Friday, May 26, 2017

Gianforte, tribalism and the increasing brittleness of post-American society

First, let me state that I'm glad he won.

Yes, I'm inviting the temptation to the disingenuousness that would take that statement out of context, but it's really not that hard to defend.

It's always good when Democrats get defeated. In this case, there wasn't much to recommend Rob Quist. He does have a small-business background, which seems to be his motivation for advocating tax reform, and he's a Second Amendment supporter, but on just about anything else, he's decidedly to the left. Supports the "right to choose" to exterminate fetal Americans. Supports the Paycheck Fairness Act. Has that leftist fetish for public schools. He campaigned with Bernie Sanders, and is on record as advocating single-payer health care.

Gianforte is pretty much his mirror opposite. With regard to an entrepreneurial background, he's distinguished himself impressively by founding RightNow Technologies, which was eventually sold to Oracle.

Rather than talk about how government ought to facilitate a citizen's ability to retire, in his remarks on the subject, he's stressed the notion that it is noble to work in some fashion throughout one's life.

He understands that shuttering coal-fired power plants would not affect the global climate one bit.

And I really dig that fact that he only came around to supporting Trump with notable reluctance.

Okay, so that explains that.

Now, we of course have the incident from the other evening in which it's pretty clear he roughed up Guardian reporter Ben Jacobs. FNC reporter Alicia Acuna seems to have the most credible eyewitness account of the occurrence, and there is audiotape that makes it clear that Gianforte was steaming mad.

Now, a display of anger can be an attractive thing. (There, I've offered some more low-hanging fruit to those tempted to disingenuousness.) There is that legendary bit of videotape from 1968 of William F. Buckley telling Gore Vidal he'd "sock [his] god-damn face, and it'll stay plastered" in response to Vidal calling him a crypto-Nazi on national television.

It was clear that Gianforte was one fed-up dude at the moment of the scuffle. It would be interesting to know what he'd dealt with in, say, the hour previous to the incident.

But, finally, we cannot excuse this. He crossed a line of self-control and in the process did harm to societal standards of decorum and civility.

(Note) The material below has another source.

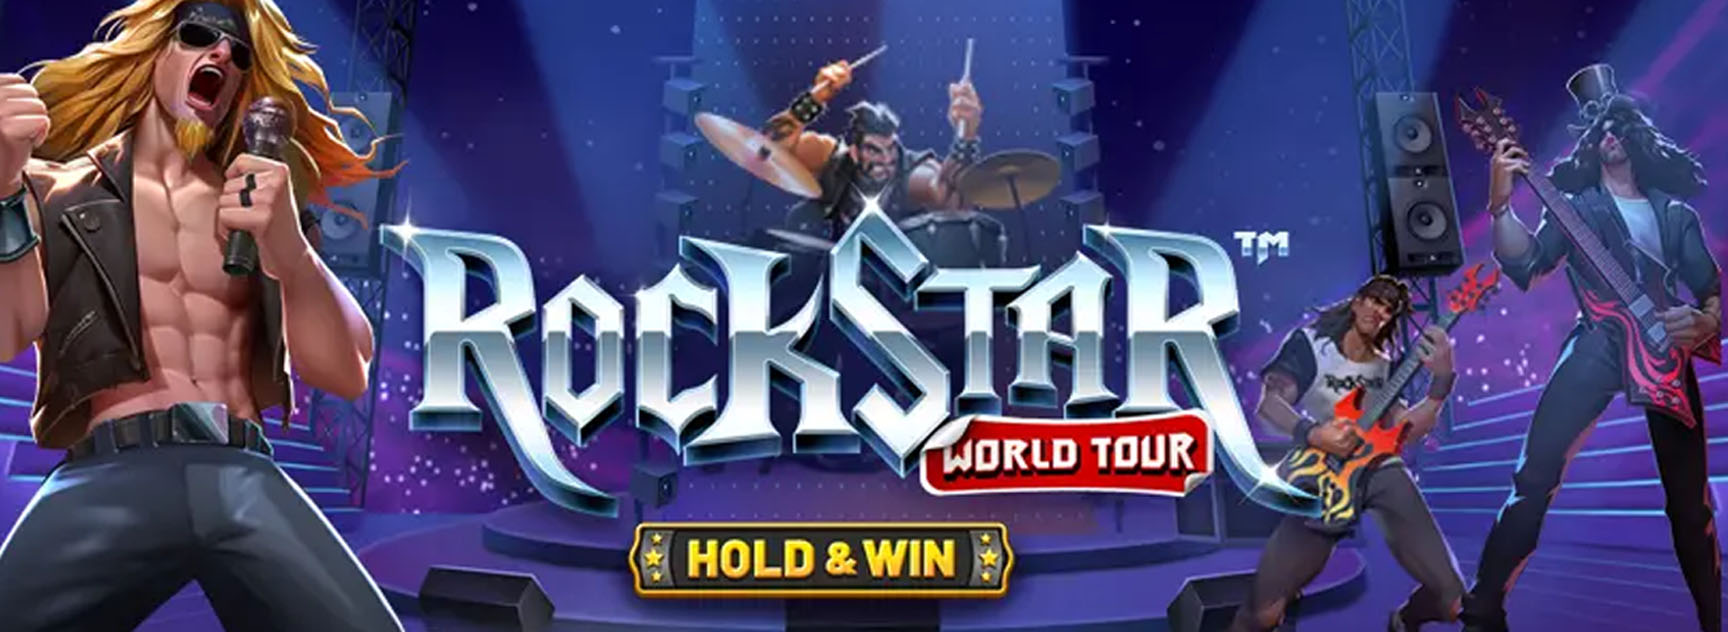 rockstar world tour (1)

What is truly dismaying about all this is the reaction from some on the Right. In the cases of Sean Hannity and Laura Ingraham, I'm not the least bit surprised, given that they became shills for the idea that Trump is a worthy figurehead for the party where conservatism finds a home. They are Kool-Aid guzzlers, and their reaction, particularly exemplified by Ingraham's grilling of Acuna on her radio show on the irrelevant point of whether Gianforte picked up Jacobs by the skin of his neck, as if justification hinged on whether it was neck skin, or Jacobs's shirt.

But why is Brent Bozell lending his full-throated defense of this? His whole career has been spent struggling against the coarsening of our culture, and if a Congressional candidate thrusting a reporter to the ground and screaming at him doesn't qualify as a coarsening occurrence, what does?

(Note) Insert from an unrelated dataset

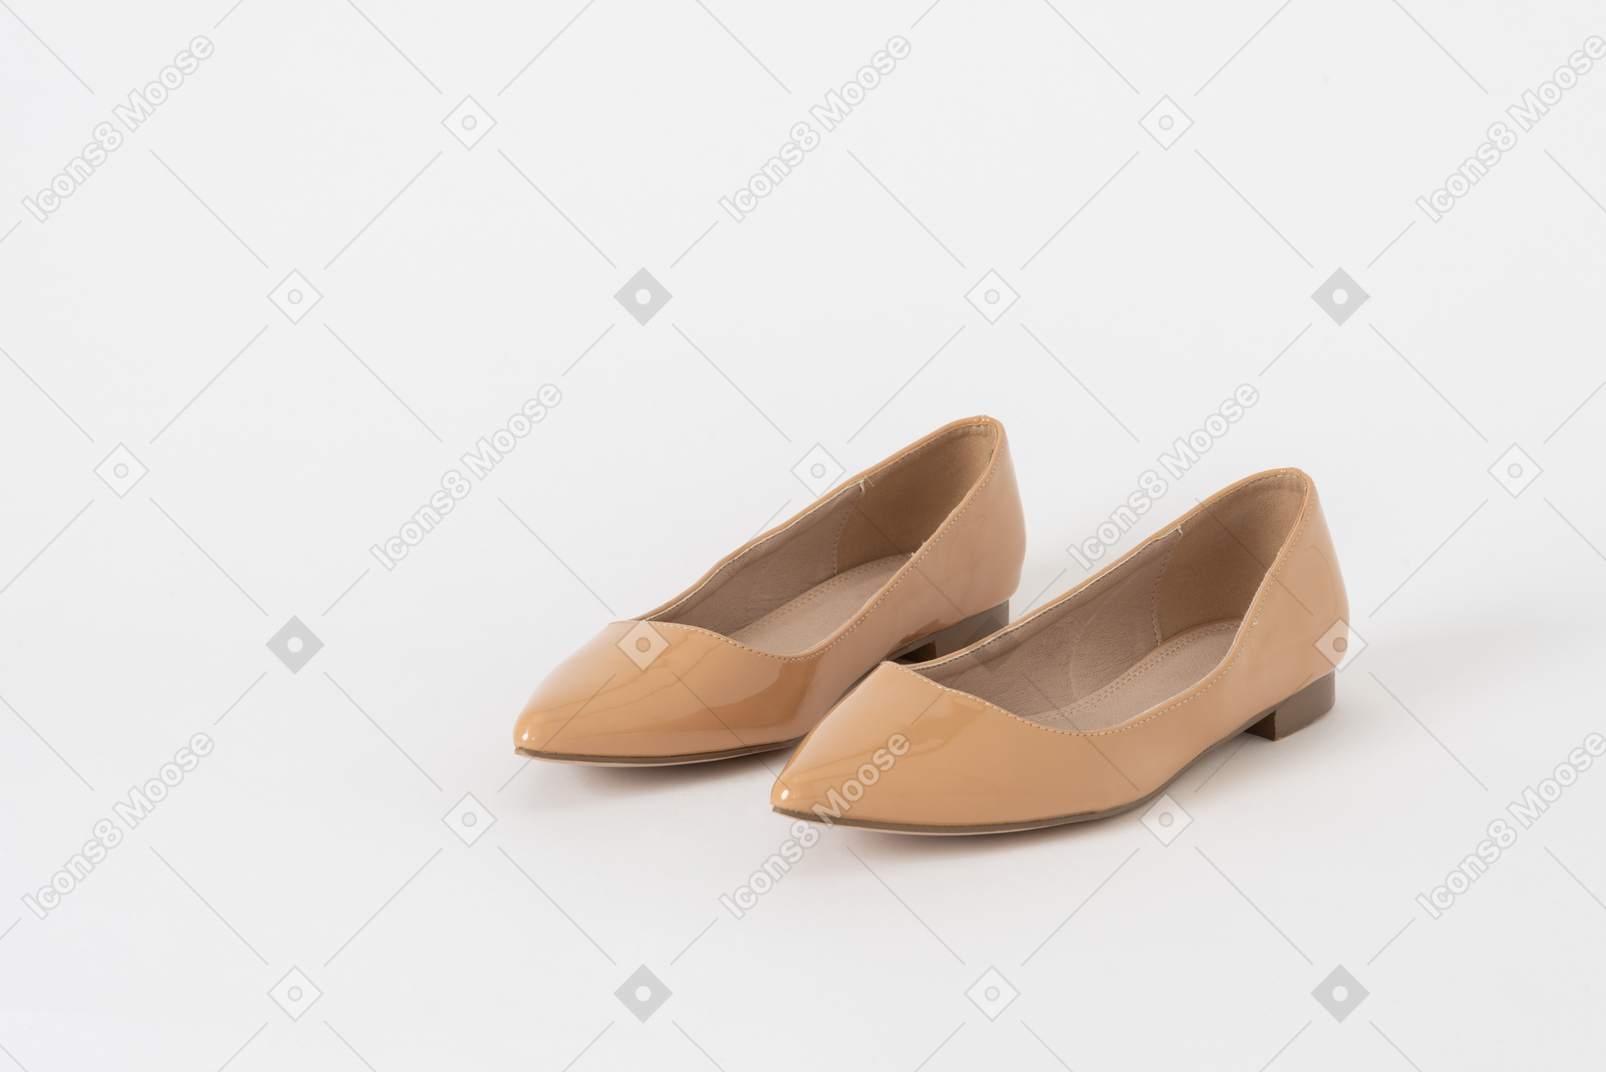 Coup de devant de trois quarts d'une paire de chaussures à talon bas en laque beige

Now, as to the Left, I have no patience with its howls. Not when Middlebury College is going to drop its inquiry into the violent harassment of American Enterprise Institute scholar Charles Murray when he attempted to speak on that campus. Not when UC Berkeley similarly handles the rioters among its student body with kid gloves. Not when The University of Missouri changes presidents in response to the demands of its student jackboots.

This situation drives home what a hair-trigger state post-American society is in. How long did we think it was going to take for the shrill invective that characterizes most social-media polemical exchanges to boil over into physical altercations?

What can be done to dial it back?

What occurs to me offhand is an insistence on clarity and keeping discourse on the level of ideas and principles.

Acquiesce to no one in your defense of those, but resist, however challenging it might be, the urge to take it to the levels at which it becomes a mere bar fight.